2. The biopsy support apparatus according to claim 1, wherein the
feature portion is a node of blood vessels or latex vessels, the
boundary between a lesion and normal tissue, or the boundary
between different tissues.
3. A method for supporting biopsy, the method comprising the steps
of: generating an ultrasonic image on the basis of a signal from an
ultrasonic probe in contact with a living organism; generating an
optical image on the basis of a signal from a biopsy probe inserted
in the living organism; setting a scanning direction of the
ultrasonic probe and a moving direction of the biopsy probe in
substantial coplanar manner; calculating a positional relationship
between the biopsy probe and the a target by aligning a feature
portion in the ultrasonic image and a feature portion corresponding
thereto in the optical image; and controlling a puncture state of
the biopsy probe on the basis of the positional relationship,
wherein the biopsy probe comprises: a search needle configured to
output a signal for generating the optical image; and a puncture
needle including a storage portion for storing the biological
tissue of the target collected, the puncture needle being slidable
using the search needle as a guide, and wherein the puncture needle
includes a cutting portion configured to cut off the biological
tissue stored in the storage portion.
4. The biopsy support apparatus according to claim 1, wherein
optical images are acquired from the optical-image acquisition unit
in a first state in which the exit window projects from the storage
portion and in a second state in which the exit window is located
along the storage portion.
5. The biopsy support apparatus according to claim 4, wherein the
optical image in the second state includes an image of the
biological tissue and an image of the search needle itself.

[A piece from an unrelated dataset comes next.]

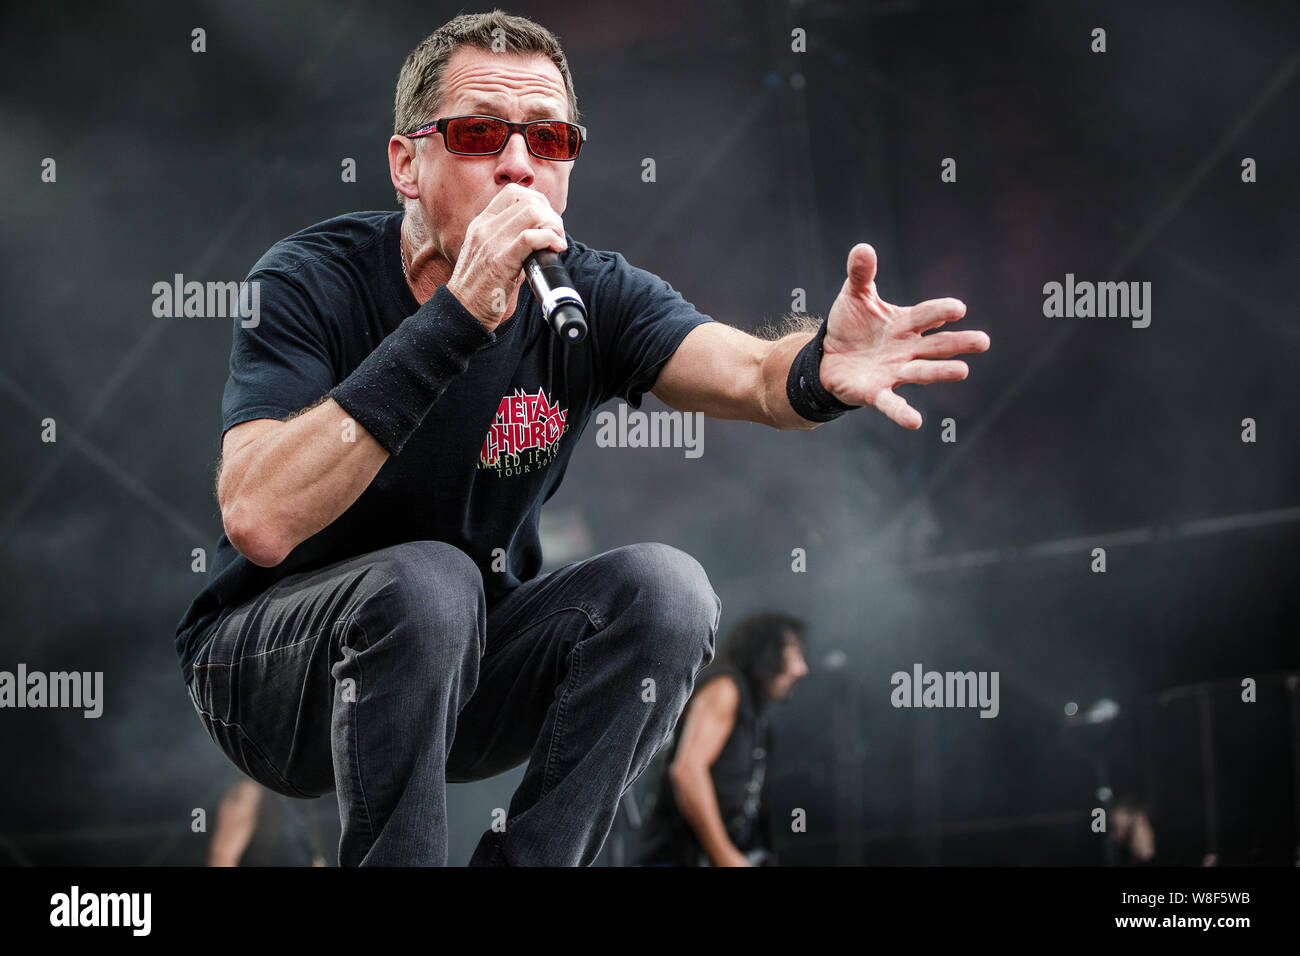 Metal Church perform live on stage at Bloodstock Open Air Festival, UK, 9th Aug, 2019. Stock Photo

6. The biopsy support apparatus according to claim 4, wherein the
air pressure of the storage portion can be controlled.
7. The biopsy support apparatus according to claim 1, further
comprising a biopsy probe arm configured to control the operation
of the biopsy probe.
8. The biopsy support apparatus according to claim 1, wherein the
optical image is an OCT image.
9. A method for controlling a biopsy support apparatus, wherein the
biopsy support apparatus comprises: a search needle including an
optical device for acquiring an optical image of biological tissue
and an exit window; and a puncture needle including a storage
portion configured to store the part of the biological tissue
collected, the puncture needle being slidable using the search
needle as a guide, wherein the puncture needle includes a cutting
portion configured to cut off the biological tissue stored in the
storage portion, and wherein optical images are acquired in a first
state in which the exit window projects from the storage portion
and in a second state in which the exit window is located along the
storage portion.
10. The biopsy support apparatus according to claim 1, further
comprising: a biopsy probe configured to be inserted into a
subject; an optical-image acquisition unit configured to generate
an optical image of the subject by inserting the biopsy probe into
the subject; and a control unit configured to control the
optical-image acquisition unit and the puncture state of the biopsy
probe, wherein the control unit acquires data on a 3D image of the
subject acquired by a 3D-image acquisition unit in advance; and
determines the penetration path of the biopsy probe on the basis of
the data on the 3D image.
11. The biopsy support apparatus according to claim 11, wherein the
biopsy probe being inserted into the subject and tissue in the
vicinity of the target are displayed on the same screen of the
optical image.
12. The biopsy support apparatus according to claim 11, further
comprising an ultrasonic unit configured to generate an ultrasonic
image by bringing an ultrasonic probe into contact with the
subject, wherein the control unit causes the target to be displayed
in the ultrasonic image by using the data on the 3D image.
13. The biopsy support apparatus according to claim 13, wherein the
control unit causes the target to be displayed in the ultrasonic
image by detecting a feature portion of the 3D image and a feature
portion of the ultrasonic image and aligning the feature
portions.
14. The biopsy support apparatus according to claim 11, wherein the
3D-image acquisition unit is a mammography unit.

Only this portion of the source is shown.